Love watching Machida even when he doesn't finish. I guess I've learned to appreciate offense as well as defense. I especially appreciate it considering how good Mousasi is offensively.


----------



## ProdigyPenn (Sep 9, 2011)

Indeed not everyone can appreciate the style of Machida. But I thought it was good technical match right there. Especially the exchange in the ground during round 4 and the footwork throughout the match by both guys.


----------



## Shoegazer (Jun 23, 2007)

It was pretty competitive, but I had Lyoto 4-1. Gegard surprised me to some extent, I didn't think he'd fare as well as he did. That sleepy standup of his is pretty deceptive.


----------



## anderton46 (Apr 23, 2010)

Rauno said:


> Me neither. He's only exciting when he finishes a fight, other than that it's just beckpedalling and countering.


This statement makes zero sense. For example the Munoz fight, literally not a single strike landed till the 1 headkick that ended it. Are you saying the only thing that makes you like a fight is something that ko's someone?

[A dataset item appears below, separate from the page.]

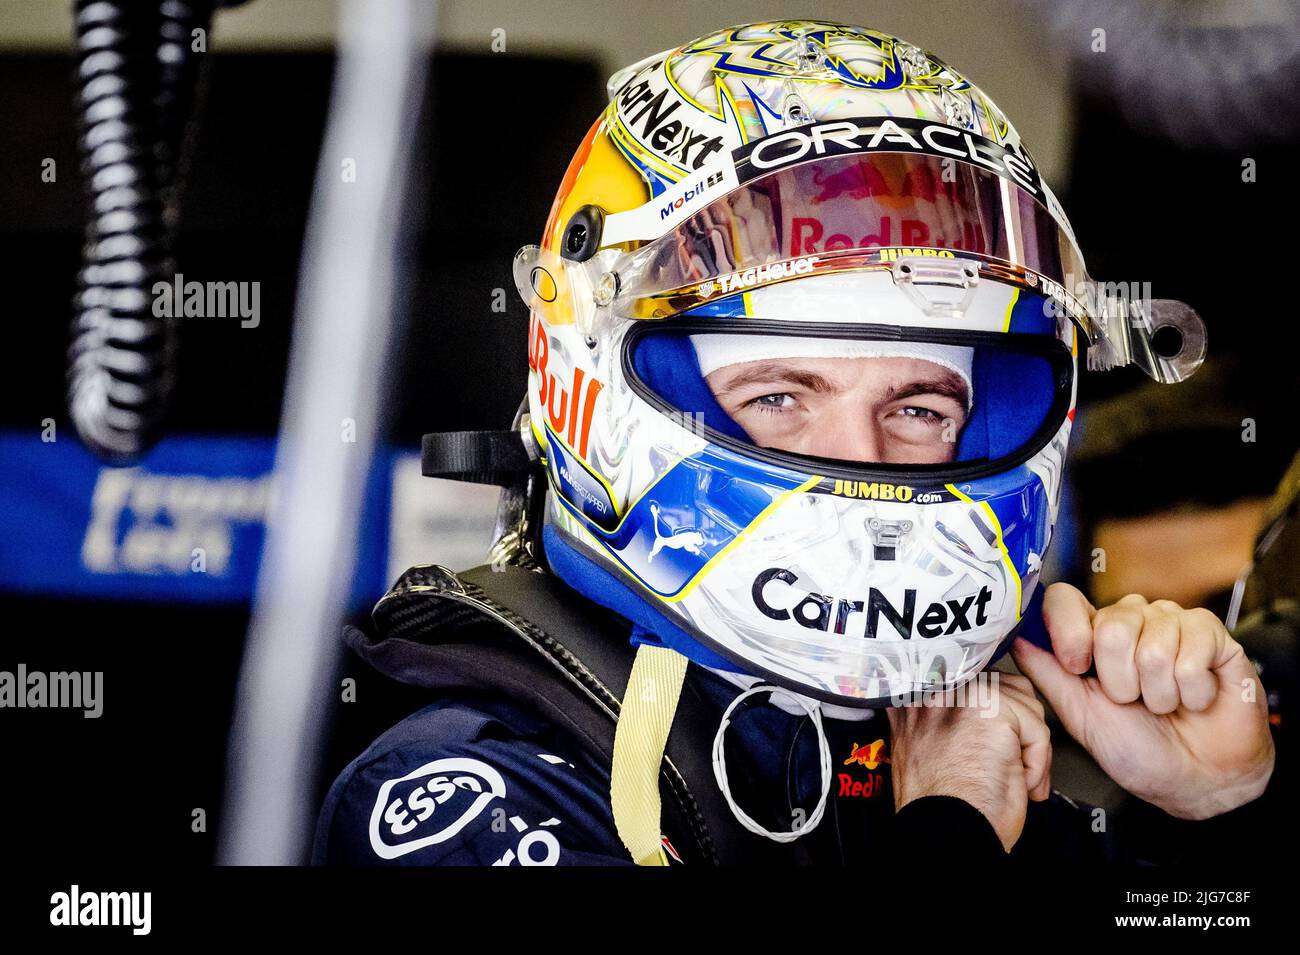 SPIELBERG - Max Verstappen (Red Bull) puts on his specially designed helmet in the pit box during practice 1 ahead of the F1 Grand Prix of Austria at the Red Bull Ring on July 8, 2022 in Spielberg, Austria. ANP SEM VAN DER WAL Credit: ANP/Alamy Live News Stock Photo

All Machida's fights will look like this till people learn to cut the cage off effectively. The amount of time Mousasi could have just picked up his movement pace to cut off the circling Machida but he didn't.


----------



## SideWays222 (Sep 9, 2008)

I thought 1,3,5 went to Machida and 2 being close but i gave it to Mousasi and 4 i felt was pretty clearly Mousasi. 

I didnt like the announcing in that fight. Some of the headkicks thrown by Machida i could tell only hit the shoulder or Arm but they would say it landed clean. I also thought 1-2 of the knees to the body were blocked but they would say "Right in the ribs"!. They didnt show slow replays of the knees that i saw so i cant be sure but the 2 headkicks they did and it clearly showed Mousasi blocking them.




stadw0n said:


> 2-2??? lol. I had it 50-45.


Im happy for you LOL


----------



## RangerClydeTheBlue (Jul 11, 2012)

I was quite unimpressed by Gerard and Jarcare tonight. Sure, Mousasi made it a bit close, but you can't just stand and try to stylistically out point Machida. You need an edge to try, and Mousasi seemed to think his edge was outstriking a master at striking.


----------



## RangerClydeTheBlue (Jul 11, 2012)

SideWays222 said:


> I thought 1,3,5 went to Machida and 2 being close but i gave it to Mousasi and 4 i felt was pretty clearly Mousasi.
> 
> I didnt like the announcing in that fight. Some of the headkicks thrown by Machida i could tell only hit the shoulder or Arm but they would say it landed clean. I also thought 1-2 of the knees to the body were blocked but they would say "Right in the ribs"!. They didnt show slow replays of the knees that i saw so i cant be sure but the 2 headkicks they did and it clearly showed Mousasi blocking them.


This entire post.


----------



## Sportsman 2.0 (Jul 10, 2012)

anderton46 said:


> This statement makes zero sense. For example the Munoz fight, literally not a single strike landed till the 1 headkick that ended it. Are you saying the only thing that makes you like a fight is something that ko's someone?
> 
> All Machida's fights will look like this till people learn to cut the cage off effectively. The amount of time Mousasi could have just picked up his movement pace to cut off the circling Machida but he didn't.


Normally when people cut the cage properly they are punched to the face and get a barrage of strikes following. Even now, Machida is a big puzzle to solve and Mousasi, a very technical striker finds nothing speaks volumes.


----------



## UFC_OWNS (Jul 7, 2010)

MMA-Sportsman said:


> That was an awesome technical fight. Mousasi is a very dangerous opponent and Machida fought very well.
> Machida is better than all the fighters coming from the land of those calling him ass clowns since...ever.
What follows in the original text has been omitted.